One of the best ways to increase the value of your money over time is to invest in mutual funds. Mid-cap mutual funds present a compelling choice for investors seeking to strike a balance between returns as well as risk. Compared to large-cap companies, mid-cap firms have the potential for higher growth, but they are more established than small-cap companies. Selecting the best mid-cap mutual fund schemes can be difficult, though, as there are hundreds of them available. These five suggestions will assist investors in selecting the best mid cap mutual funds based on their investment requirements along with risk tolerance.
1. Analyse the fund manager’s track record
An essential consideration when choosing a mid-cap fund is the track record as well as experience of the fund manager. Consider the fund manager’s tenure with the scheme in addition to their total fund management experience. Examine the fund’s returns over the last three as well as five years as well to see how it has fared in comparison to other funds in the same category along with its benchmark over various market cycles. A solid track record indicates that the fund manager can choose profitable stocks.

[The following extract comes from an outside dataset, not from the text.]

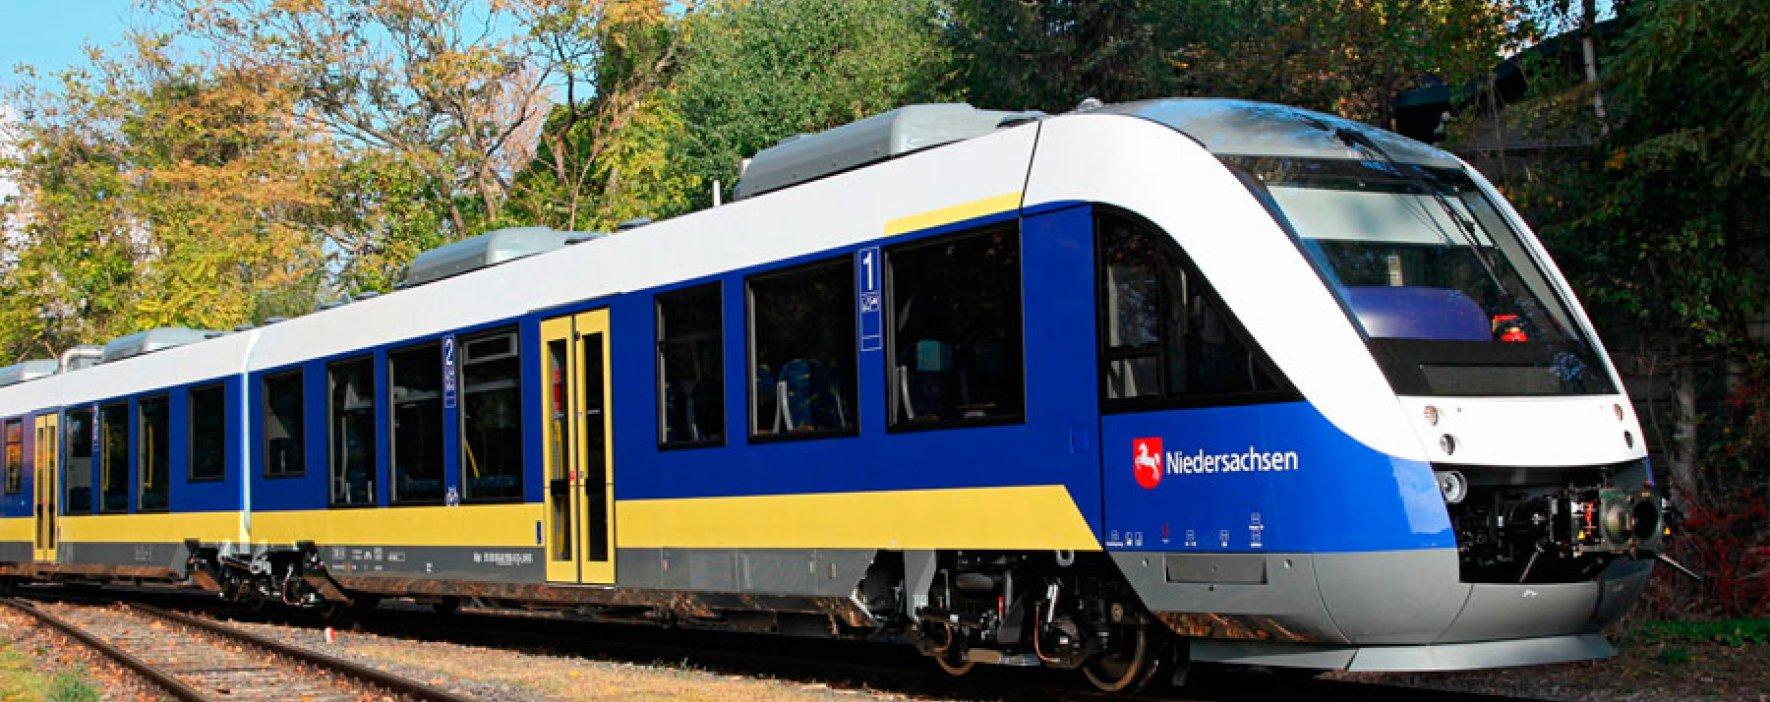 Tren movido con hidrógeno es pionero en el mundo

2. Understand the fund’s investment strategy
Different mid-cap funds have varying investment approaches depending on the fund manager’s style. Some focus only on pure mid-cap stocks while others have a flexi-cap approach. It is important to understand the fund’s stated investment strategy as well as check if the actual portfolio reflects it. The strategy should align with your risk tolerance along with investment horizon. Funds with concentrated portfolios are riskier than those with well-diversified holdings across different sectors.
3. Consider the fund house and research support
Leading fund houses have larger research teams to analyze companies as well as stronger risk management practices. This allows their fund managers to make informed investment decisions. Check the fund house’s track record, size of research team, investment process as well as performance across different categories. Larger fund houses tend to have more stability but smaller ones can offer niche strategies.

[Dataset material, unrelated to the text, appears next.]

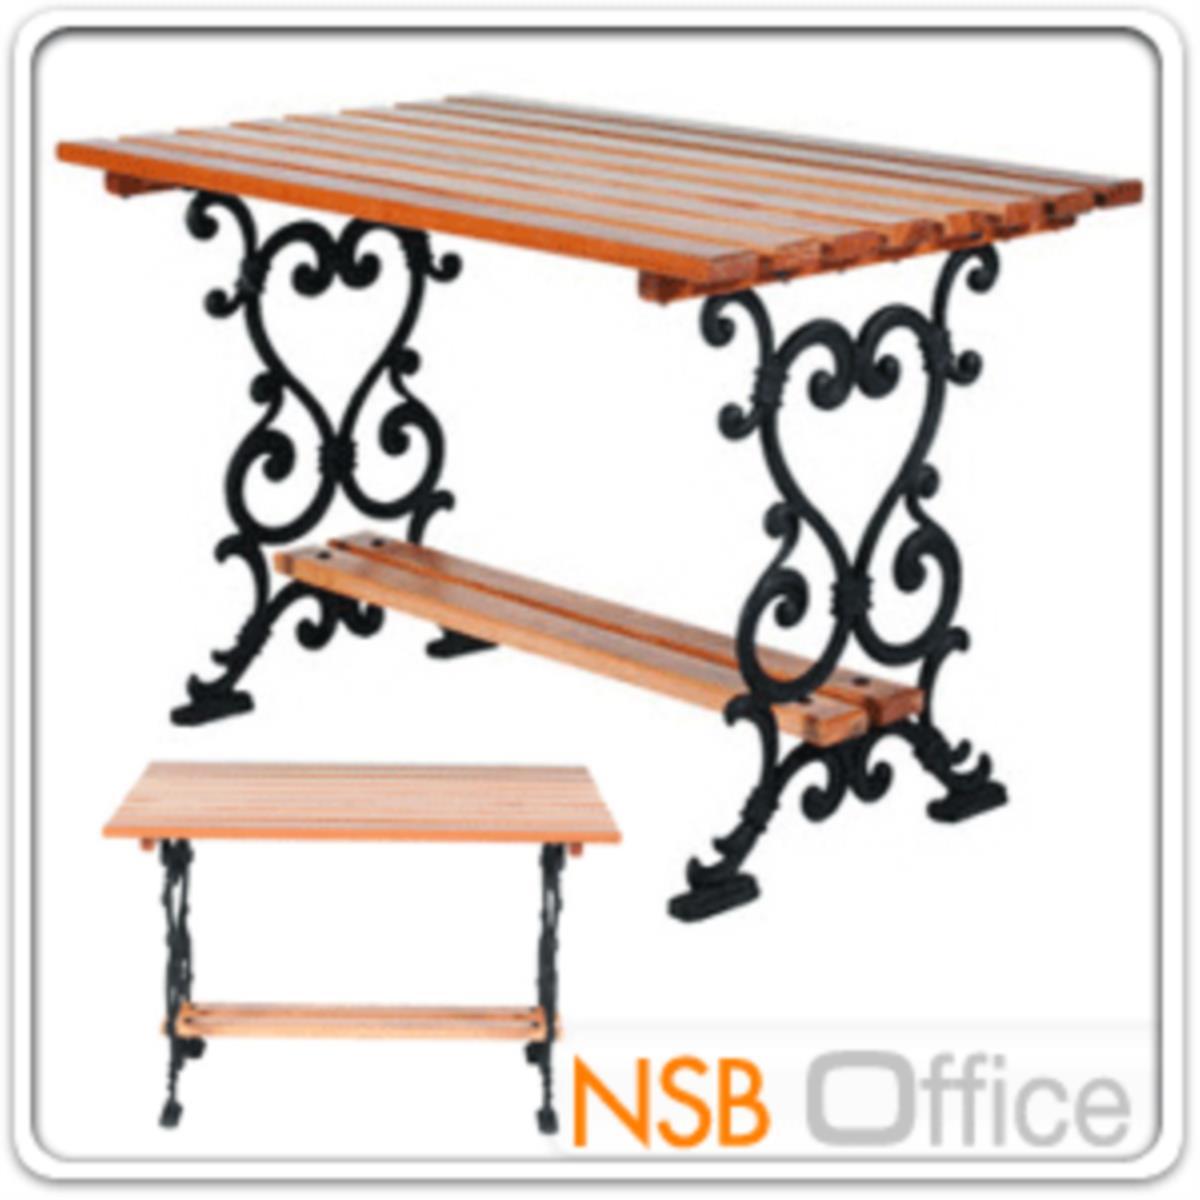 โต๊ะสนามไม้เต็ง เหล็กหล่อ กทม. BKK-TOO10 (100, 120, 150, 200 cm)

4. Pay attention to portfolio turnover
Frequent trading to book profits increases a fund’s tax liability which is passed on to investors. Very high portfolio turnover may also reflect inconsistent investment strategies. An annual turnover ratio between 20-30% is ideal for a mid-cap fund. You can check the turnover ratio mentioned in the fund factsheet.
5. Evaluate long term returns over short term performance
While 1 or 2 year returns give an idea, evaluate a mid-cap fund’s performance over longer periods of 5-10 years to assess its ability to deliver through different market cycles. Mid-cap investing is more volatile than large caps, so give time for the fund to grow. Look for funds that have consistently beaten their benchmark index as well as category average returns over longer periods.
With these factors in mind, shortlist 2-3 best mid-cap funds and understanding what is nfo mutual fund that match your risk profile as well as investment goals. Continue reviewing their performance periodically as well as rebalance your portfolio when required. Following a disciplined investment process can help investors generate better risk-adjusted returns from mid-cap mutual funds over the long run. Always consult a SEBI registered financial advisor for any investment related queries.